◆ **SUPPLIED DATA**:
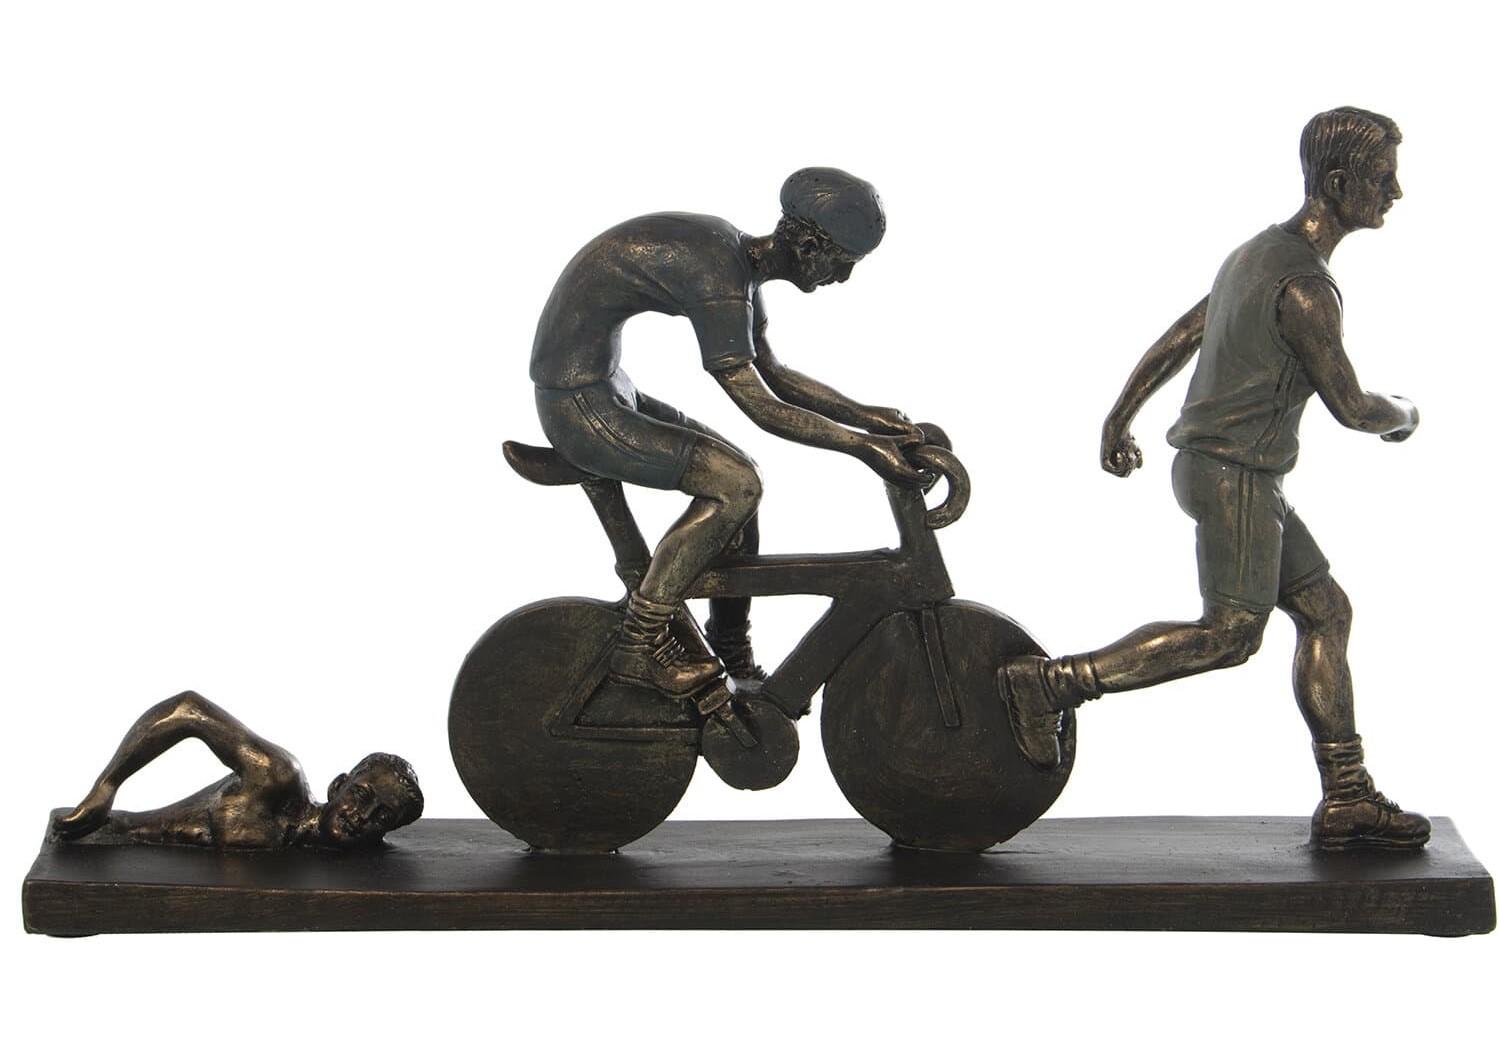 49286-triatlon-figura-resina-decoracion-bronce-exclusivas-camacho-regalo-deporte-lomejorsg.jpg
--
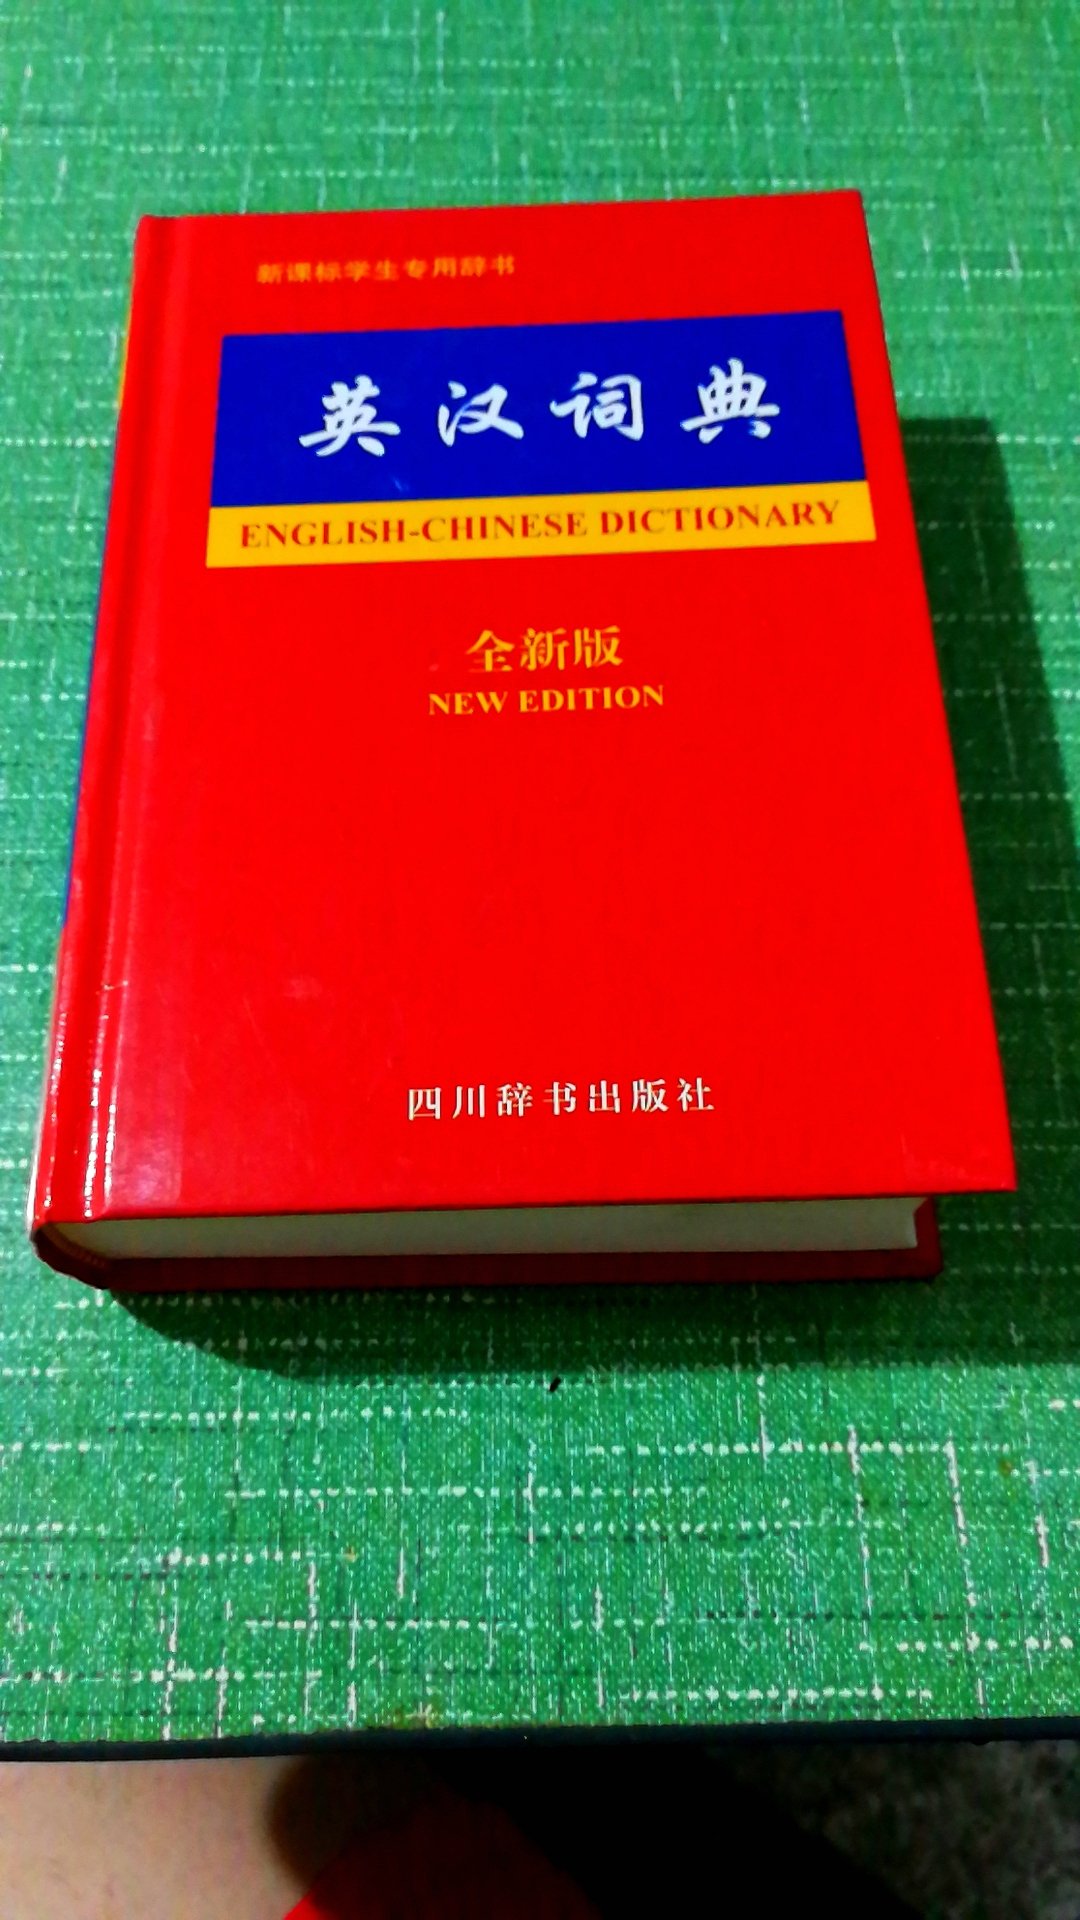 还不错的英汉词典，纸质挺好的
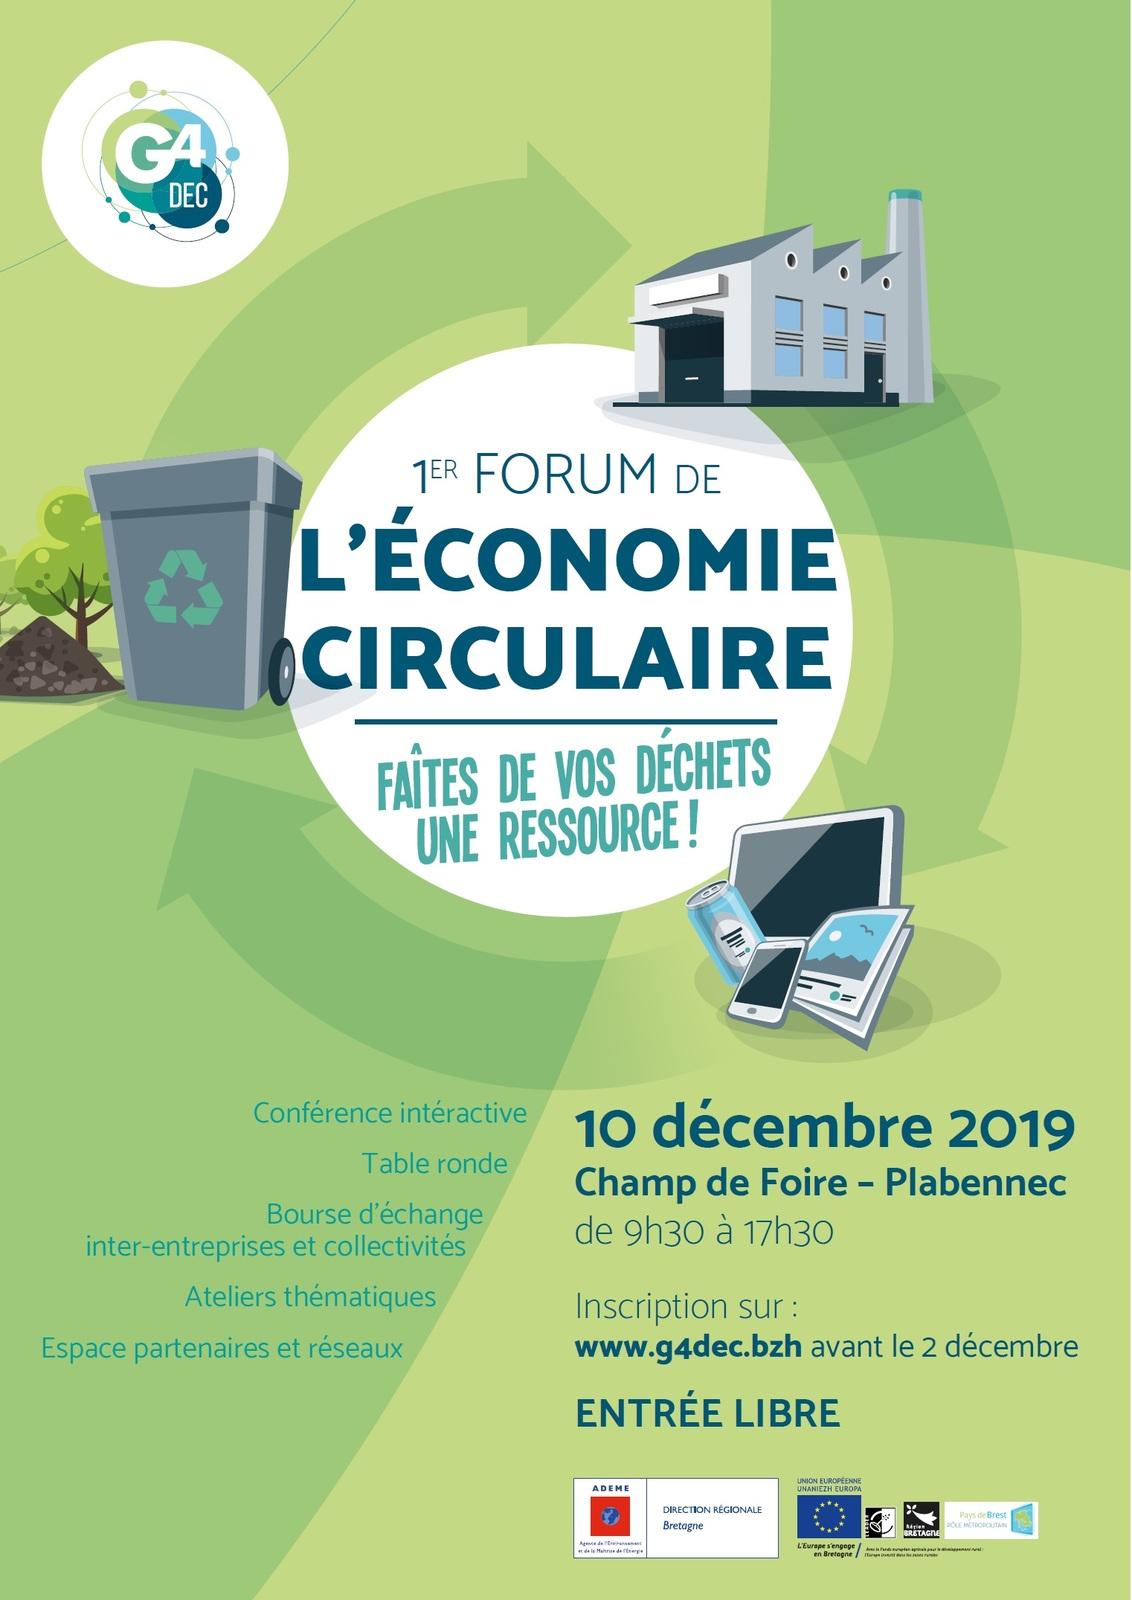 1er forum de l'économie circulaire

◆ **WHAT YOU SHOULD DO**:
In the data above, find the line containing "还不错的英汉词典，纸质挺好的" and the line containing "1er forum de l'économie circulaire". Copy exactly the stretch from the first through the second, both included, leaving out any picture.

◆ **WRITTEN ANSWER**:
 还不错的英汉词典，纸质挺好的
 1er forum de l'économie circulaire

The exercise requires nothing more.